Литмир - Электронная Библиотека
A
A

Когда я спасала несчастных мужчин, я не понимала, как легко и приятно заменить их кошками. Даже когда я вышла замуж за Ронни, а его-то спасать не пришлось, и научилась не спасать людей, я все еще не испытывала к этим животным никакой симпатии. Когда в подвал лондонского дома провалился маленький черный котенок, я просто вытащила его и отнесла в местный приют для котиков. Мне даже в голову не пришло оставить малыша у себя. Я ни разу не поинтересовалась, какой была его судьба. Я сделала минимум возможного для этого существа, а ведь в 70-е годы кошачьи приюты просто-таки наводняли бездомные животные. Может, малыш так и не нашел себе дом.

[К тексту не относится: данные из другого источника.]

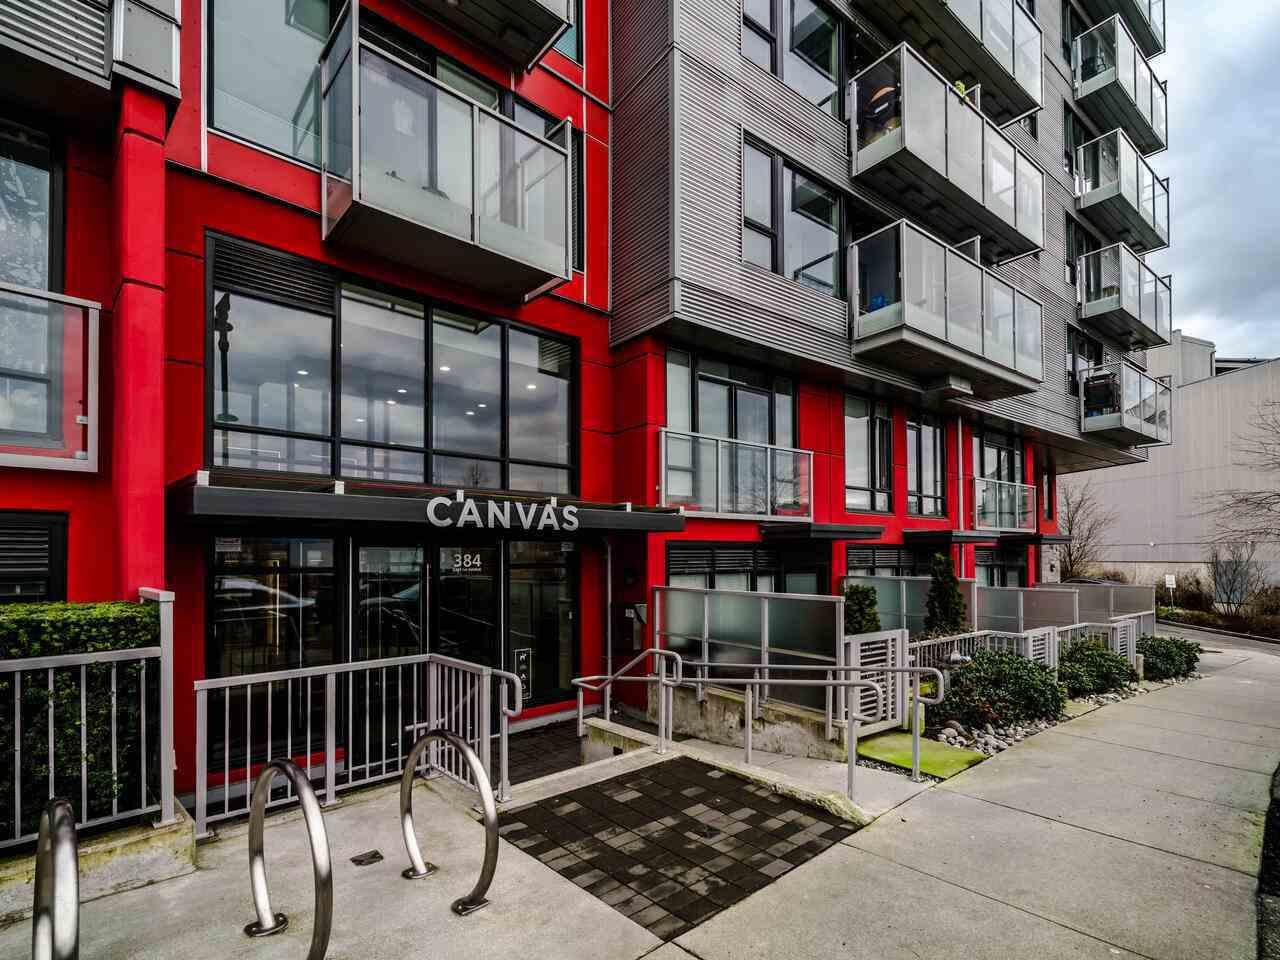 384-e-1st-avenue-strathcona-vancouver-east-19 at 318 - 384 E 1st Avenue, Strathcona, Vancouver East

Думаю, подобное безразличие было связано с собственной зависимостью от алкоголя. Пьянство порождало эгоизм, и это состояние усиливалось с каждым днем. Алкоголь захлестывал меня с головой. В жизни не осталось места для увлечений и интересов – одна лишь бутылка. Спиртное заглушило даже мою страсть к спасению всех и вся. Я работала и пила.

Конечно, я в этом себе не признавалась. Обычно твердила: «Я много работаю, и мне нужно как следует расслабиться», этими словами пытаясь оправдать свое поведение. Я не понимала и не хотела понимать, что делает со мной спиртное. Болезненные зависимости – единственные болезни, не позволяющие понять, что с тобой происходит.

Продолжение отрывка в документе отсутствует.